Jay Giri, MD, MPH (University of Pennsylvania, Philadelphia), who spoke during the open public comment, contended that many patients struggle with hypertension despite the availability of good oral medications.

“It can be difficult to get on these multimedicine regimens and to keep them straight and take them as directed,” he noted, adding that cost and side effects of individual or combination therapies are other important considerations for these patients.

“For all these reasons, we’re at a place where we need a better solution, at least as an adjunct to what we’re doing to help patients deal with hypertension, which is causing all these terrible outcomes down the line,” he added.

In a patient preference survey of 258 people conducted by ReCor, 42% of respondents said they would prefer renal denervation to an additional pill to control their hypertension.

We’re at a place where we need a better solution, at least as an adjunct to what we’re doing to help patients deal with hypertension. Jay Giri

While some of the panelists felt respondents may not have had enough information on what it may be like to actually undergo the procedure to make that decision, others like Abdulla Damluji, MD, PhD, MPH (Inova Health Fairfax, VA), said if it makes a difference for patients who suspect, or who their physicians suspect, wouldn’t be fully compliant with multiple medications, it might be worth considering.

ReCor has plans for ongoing follow-up of all patients in all three of its trials, and the company has initiated a Continued Access Study/Continued Access Protocol (CAP), which is designed to include patients similar to those enrolled in RADIANCE II in one arm and patients similar to those enrolled in TRIO in another.

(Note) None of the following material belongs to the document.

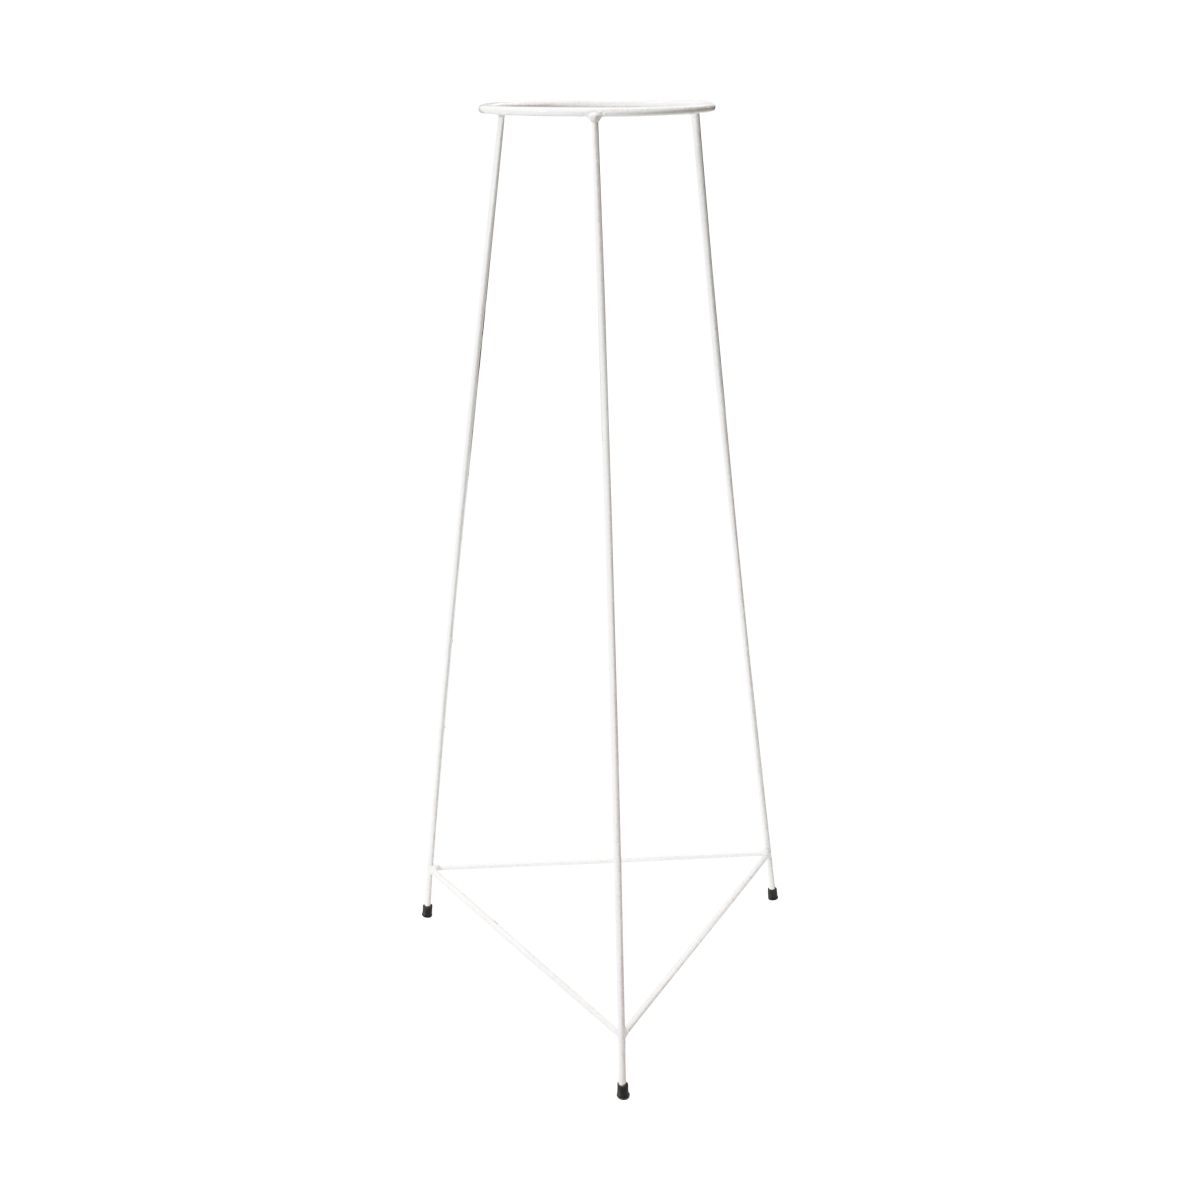 Suporte Tripé Triangular Branco 60cm para Vaso Autoirigável Médio N03 Raiz

They also intend to initiate a US global registry similar to one currently ongoing in Europe and the UK.

The advisory committee as a whole made clear that if the device is approved they hope postmarket studies will provide needed information to close many of the gaps addressing questions they still have, particularly with regard to the efficacy and duration of benefit, as well as the sponsor’s willingness to include underrepresented minority populations. Several members indicated that their “yes” votes were cast in hopes of seeing resolution to those issues.

Yeh pointed to another important point of clarity that he and others would be looking for in postapproval data, which is the type of patient who actually benefits most from undergoing renal denervation. Within the limited data, he said, there are indications of wide variation in the magnitude of benefit.

The panel reconvenes tomorrow to do this all over again for Medtronic's Symplicity Spyral Renal Denervation System.